I was wondering if it would be possible to get some advice?
My brother and I have recently noticed that our Mum (who is 56) has started to drink and is attempting to hide the fact she is drinking.
My brother and I are both in our thirties and have left home. Our Mum and Dad live not far away and don't struggle financially. Mum has a part-time job but this is done more out of interest than a need to contribute financially.
One or two things have happened recently that may have contributed to her drinking. She has recently stopped talking to her brother after a property inheritence issue turned nasty. She has also had a few medical issues, such as a stiff neck and problems with her hearing.
Our Dad knows that she has had drinking issues before but neither myself or my brother have spoken to him about this latest bout.
I have noticed signs that she is drinking - such as making us all cups of tea but her drink doesn't appear hot and she shields the mug. My brother visits our parents more often as he is currently living alone and pops round for evening meals.

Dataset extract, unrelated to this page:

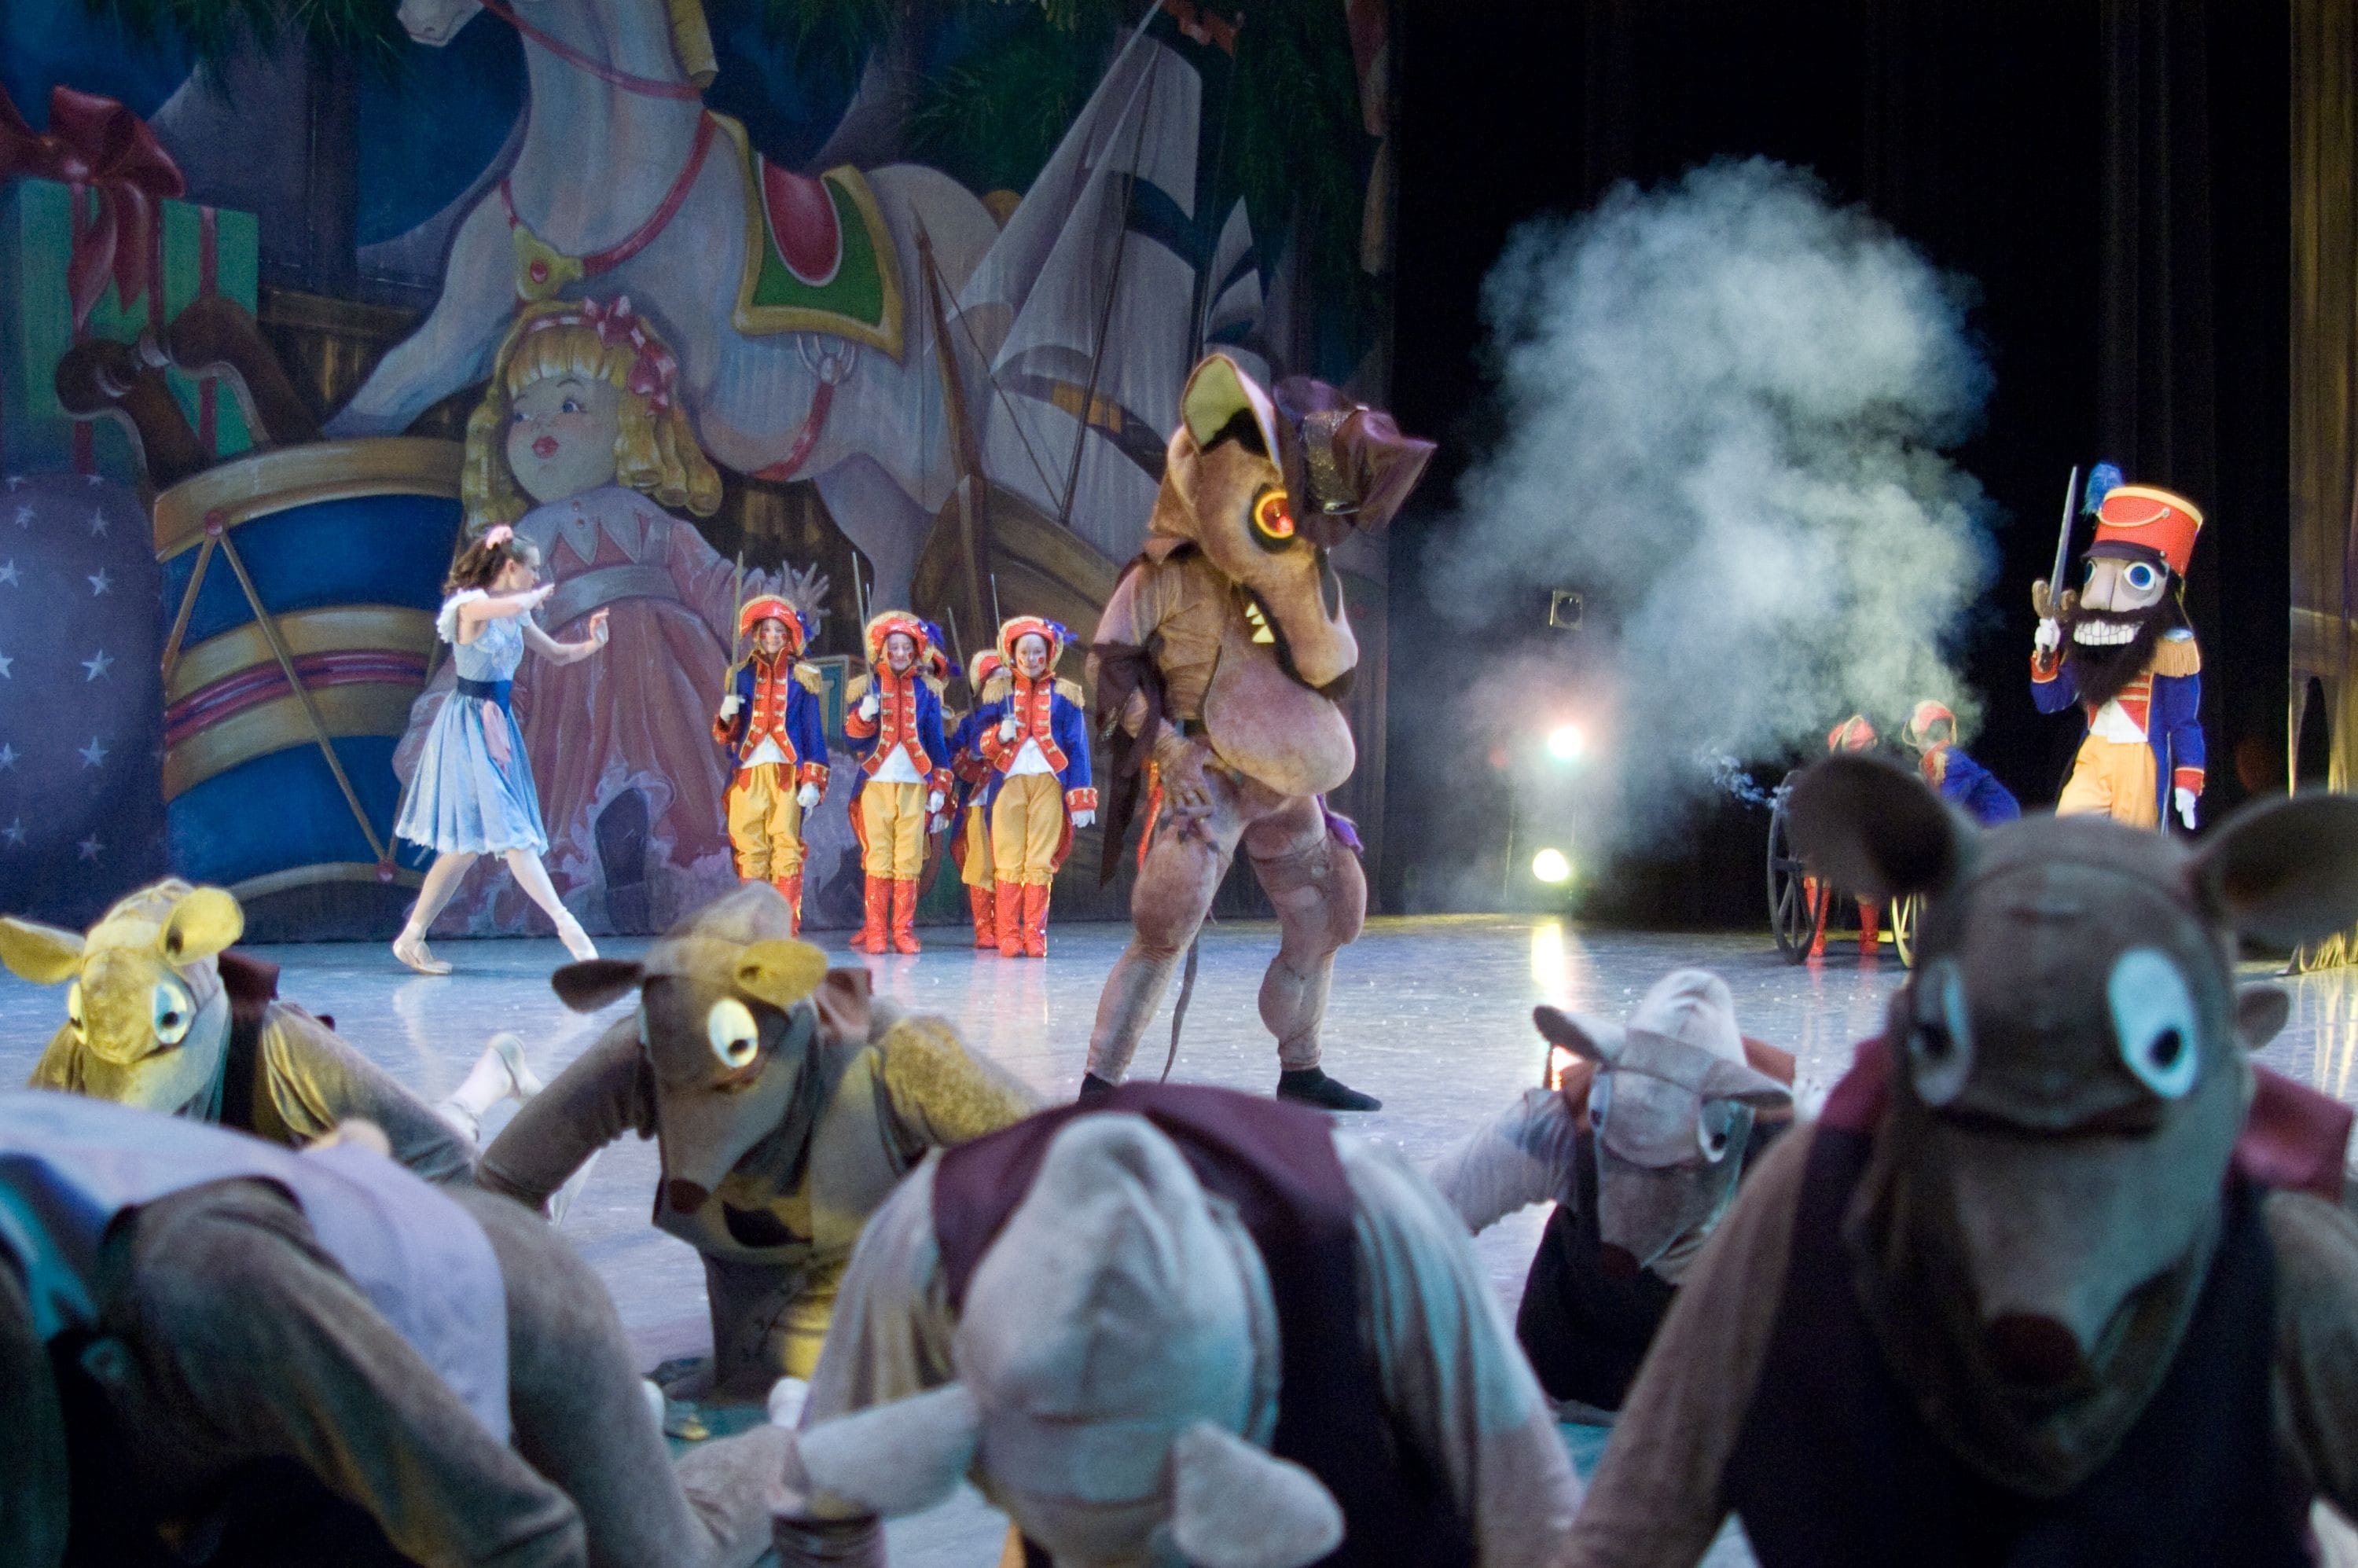 Minnesota Ballet's production of the Nutcracker with lighting design by Ken Pogin

He has noticed that she appears drunk and is apparently drinking from a still water bottle. He has spotted a vodka bottle in the kitchen. She becomes very animated at times, asking him lots of questions and becomes quite argumentative when he doesn't agree with her.
We have a dilemma. We don't want to confont her directly about the issue but feel that our father should know that we are aware of the problem and would like to help.
My brother thinks that our mother feels lonely and isolated, but I disagree.
I'm trying not to be too judgemental but she has a circle of friends, money that they could spend on holidays or days out etc.
She also has so many opportunities to get involved with my family and her two grandchildren but doesn't, saying that she prefers to be asked. More often than not, when we do ask, she makes an excuse not to get involved.
Our parents have recently moved to a new house that has been renovated and needs some finishing touches - decoration furnishing etc. Mum seems completely disinterested in contrbuting to this and it seems like my Dad is the only person with an interest in it.
So it's hard to understand why she feels the need to drink. To be honest, if she had a few glasses of wine in the evening, openly, we wouldn't be too concerned as we know she likes to have wine to unwind.
The secrecy is worrying us.
Any advice or help would be gratefully received.